All-interval Row: a tone row containing one example of each interval from the m2-M7. The distance between the first and last note is always a tritone. Between adjacent notes of the row there will be two examples of each interval class except 6, which will be represented only once. Once a Po of this variety is set up, it's possible to write a 12-tone melody which contains the maximum of intervallic variety--all eleven intervals from the m2 to the M7. Luigi Dallapiccola and Alban Berg are known for using all-interval rows.

Derived Row: this type of row is constructed from transformations of a smaller set. For example, one might write a 3-pitch set (say, 0,1,4) and then state it in its P, I, R, and RI forms. Thus there's maximal pitch-class unity here: the tone row Po and any transposition or transformation of it will automatically have (014) sets as well. Anton Webern was particularly fond of derived rows, using them in several of his works.

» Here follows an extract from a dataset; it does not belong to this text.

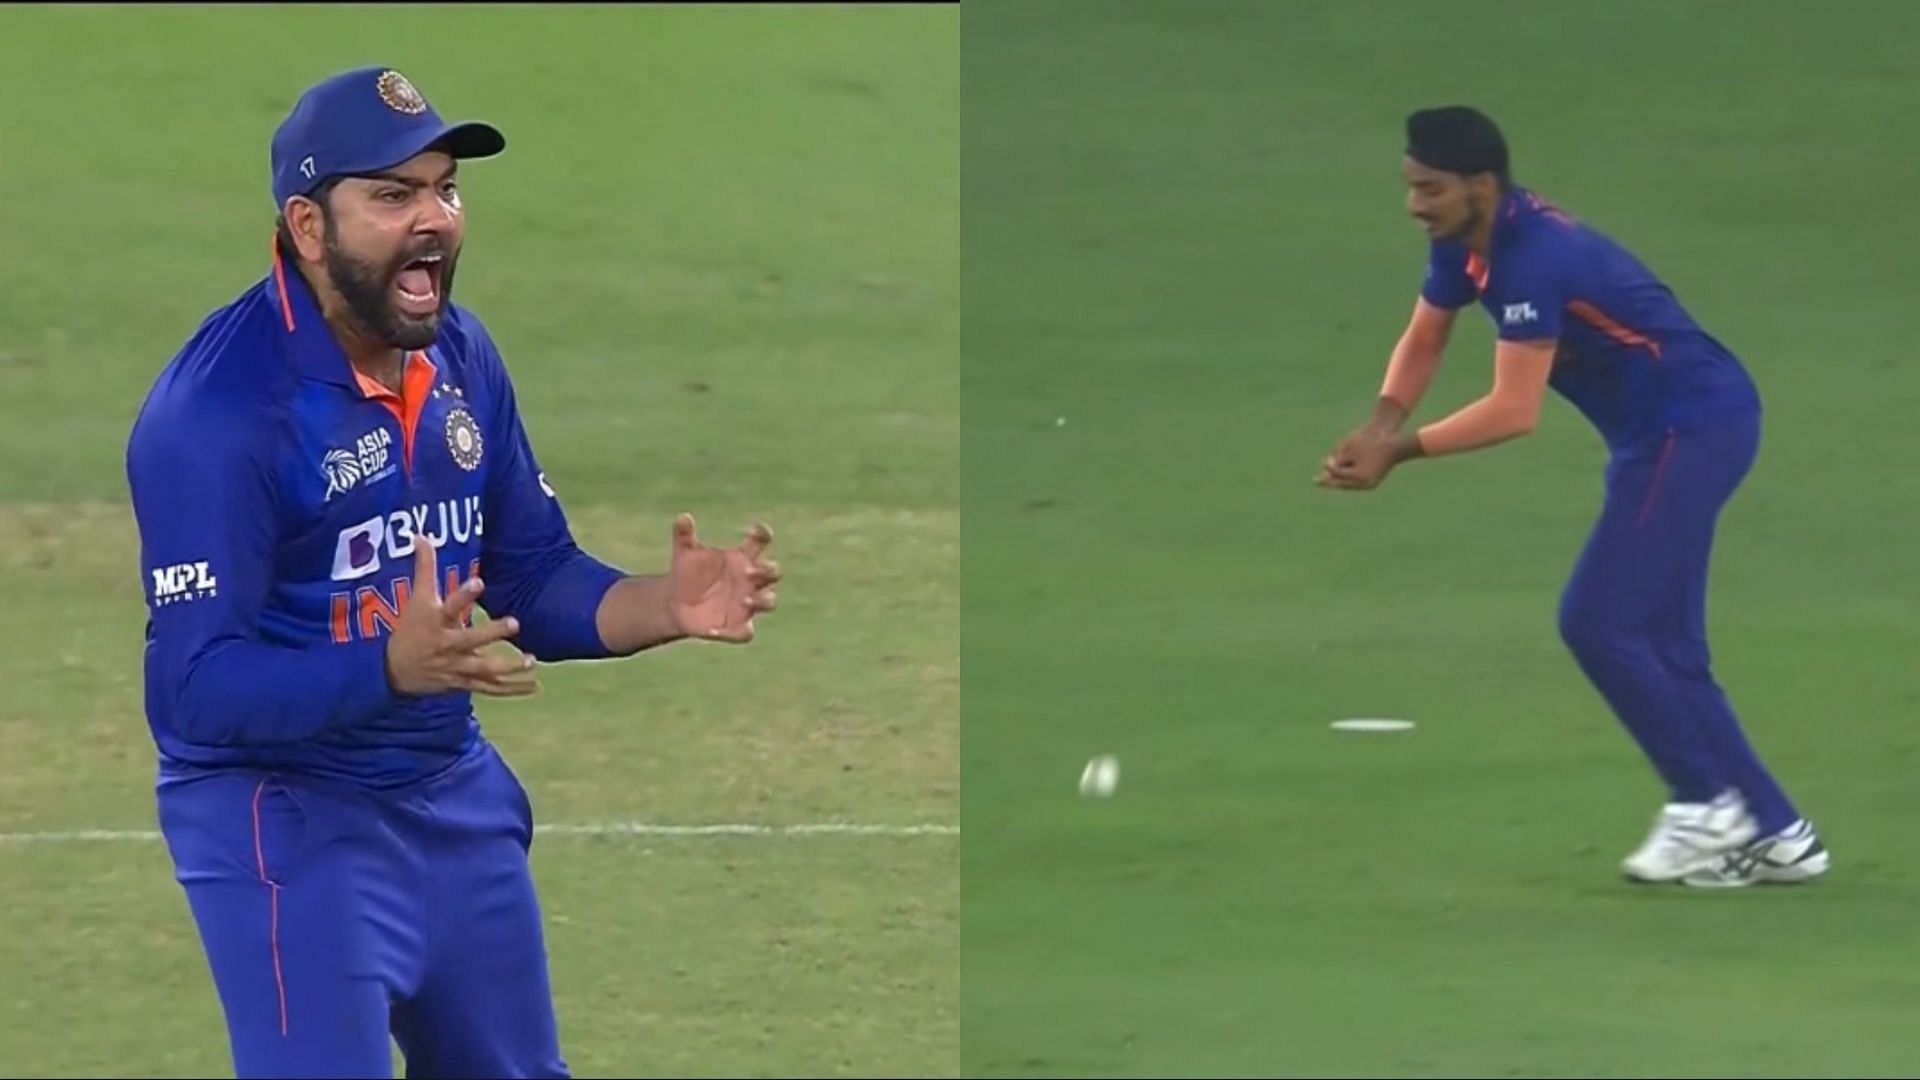 Rohit Sharma reacts after Arshdeep Singh drops a catch during the Asia Cup.

Symmetrical Row: a tone row constructed with internal symmetries (some R form will be identical to some P form, or perhaps some R form will be identical to some I form; in other words, R=Pt or R=It). This type of tone row reduces the number of distinct row forms from 48 down to 24. Anton Webern was fond of symmetrical rows.

Embedded Subsets: this denotes a tone row which contains recurring subsets (e.g. 0,1,6 appears more than once). Nore carefully the difference between a derived row and a row which contains embedded subsets: a derived row is created exclusively from a smaller set (usually a trichord or tetrachord), while a row with embedded subsets simply shows the presence of several identical sets (typically a trichord or tetrachord). In a sense, a derived row is a very special type of row with embedded subsets. Virtually all serial composers write tone rows with embedded subsets, as it provides a built-in motivic unity.

Tonal Implications in a Tone Row: some composers, in particular Dallapiccola and Berg, write their Po's in such a way that they contain tonal implications--perhaps a triad or two, or a seventh chord, or a scale fragment, and so on. Berg's Violin Concerto contains the ultimate in tinal tone rows: it's made up of broken thirds with a bit of whole tone at the end.

G Bb D F# A C E G# B C# D# F

Source Sets: tone rows where the hexachordal content is determined but the hexachordal ordering is not. The composer Josef Hauer was experimenting with unordered hexachords, the combination of which created 12-tone rows, at about the same time that Schoenberg was developing the 12-tone system. In essence, Schoenberg "won out" because his system was more completely and rigorously developed than Hauer's.